Nicholls et al. (5) found that in undergraduate athletes, their reported stressors differed in relation to the athletes’ skill level. To understand if the achievement level in esports influenced the stressors reported by esports athletes, in-game ranks were standardised between games. Esports classify their players into ranks based on a percentage range. The number of levels differs across esports. To standardise achievement levels across the five games, five category classifications were developed. Level 1 = 99-100%; Level 2 = 90 – 98%; Level 3 = 89 - 80%; Level 4 = 79 –70%; Level 5 = 69 – 60% (Table 1).

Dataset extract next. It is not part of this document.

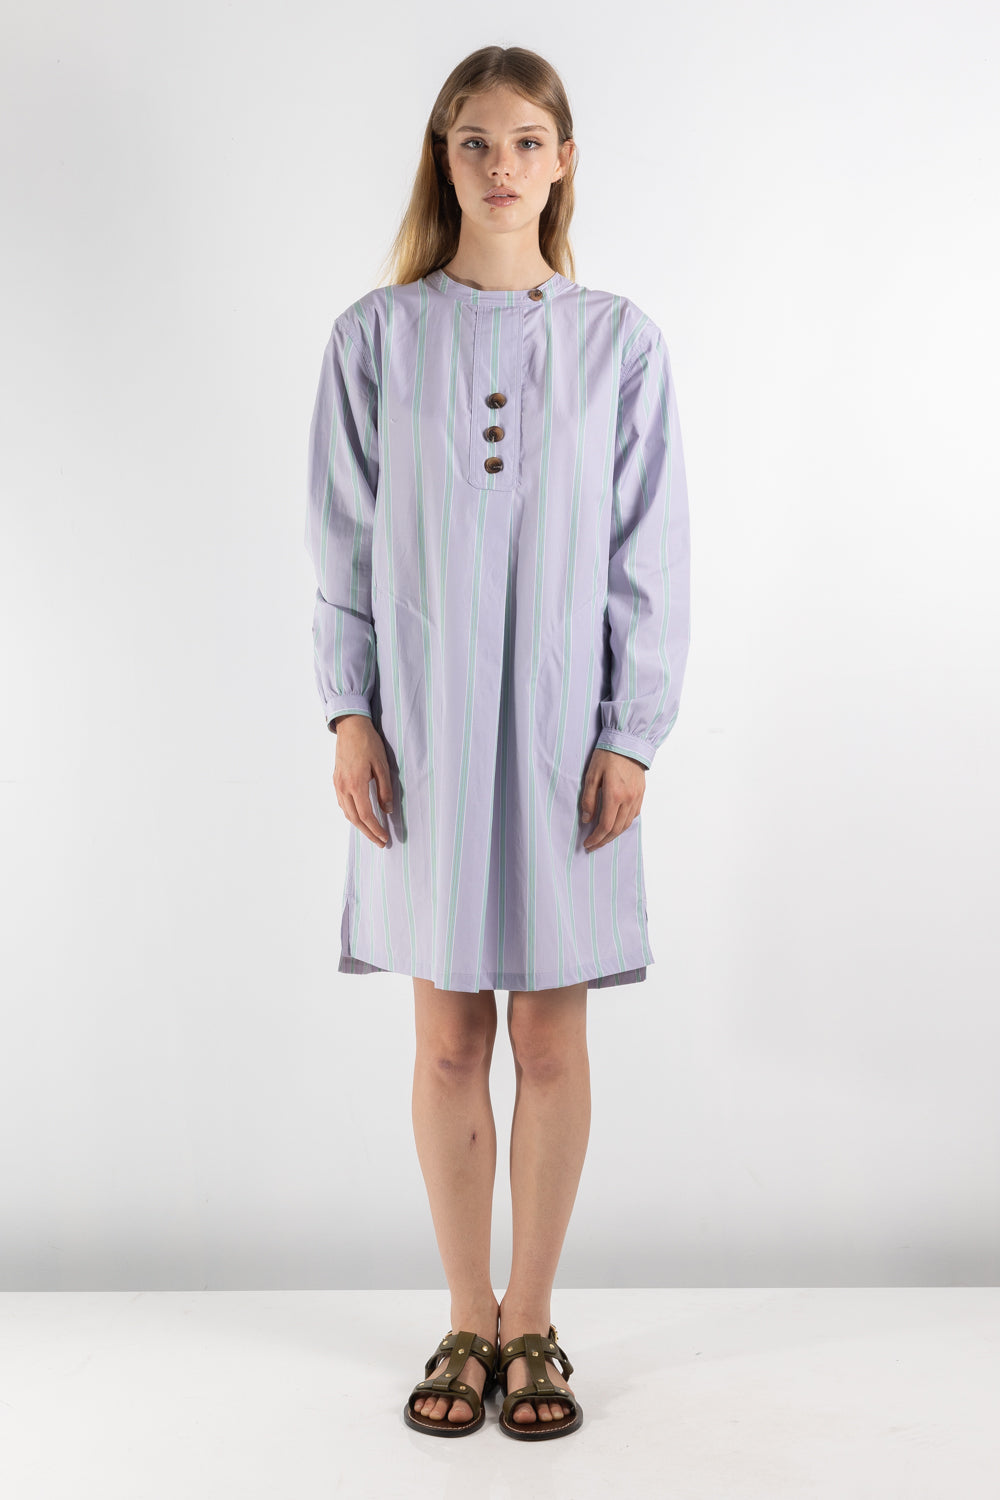 Womens Dress | Soeur Onagre Dress | The Standard Store

Chi-square analysis was conducted to explore differences in stressors reported based on achievement level if it did not violate assumptions. Post-hoc analysis was conducted through visual inspection of the data (25). All statistical analyses were conducted in SPSS version 26.
Results
Table 2 shows the numbers and percentages of participants of first and second-order stressor categories. Eleven second-order stressor categories identified by Nicholls et al. (5) were present in the data: general performance (in-game), outcome, criticism, coach, official, opponent, crowd, teammate in general, teammate communication, teammate mistake, and injury.
Table 2 - Frequency and Percentages of Reported First-order and Second-order StressorsStressor Categories | Frequency | Percentage |
---|---|---|
Performance | 73 | 27.0 |
General Performance | 36 | 13.3 |
Outcome | 22 | 7.4 |
Critical Moment Performance | 16 | 5.9 |
Injury | 1 | 0.4 |
Teammate | 141 | 52.2 |
Teammate Communication | 37 | 13.7 |
Teammate Mistake | 10 | 3.7 |
Teammate General | 37 | 13.7 |
Anti-social Behaviour | 57 | 21.1 |
External Individuals | 26 | 9.6 |
Criticism | 4 | 1.5 |
Crowd | 3 | 1.1 |
Coach | 1 | 0.3 |
Official | 6 | 2.2 |
Opponent | 12 | 4.4 |
Balancing Life Commitments | 20 | 7.4 |
Technical Issues | 10 | 3.7 |
Four esports-specific second-order themes were generated from the data: technical issues, anti-social behaviour, balancing life, and critical moment performance. Table 3 shows the second-order themes and a raw data example for each. The second-order theme, anti-social behaviour, included stressors that mentioned ‘toxicity’, ‘griefing’ or offensive behaviours by teammates (e.g., “annoying and toxic players (abusing voice chat)”). Balancing life commitments refers to participants who reported that a stressor in relation to their gaming was a difficulty balancing gaming with the rest of their lives (e.g., “Due to university work, playing any video games, esports included, I feel stressed that I could/should be working more”). Technical issues included stressors related to internet issues (e.g., “lag” or “disconnections”), and computer hardware issues (e.g., “unresponsive keyboard”) that impacted in-game performance. Critical moment performance included stressors associated with having to perform well in specific moments in esports (e.g., “being the last team member alive in the round”). This is also known as having to “clutch” the round (e.g., as the last team member alive, one might be required to kill multiple enemies to win).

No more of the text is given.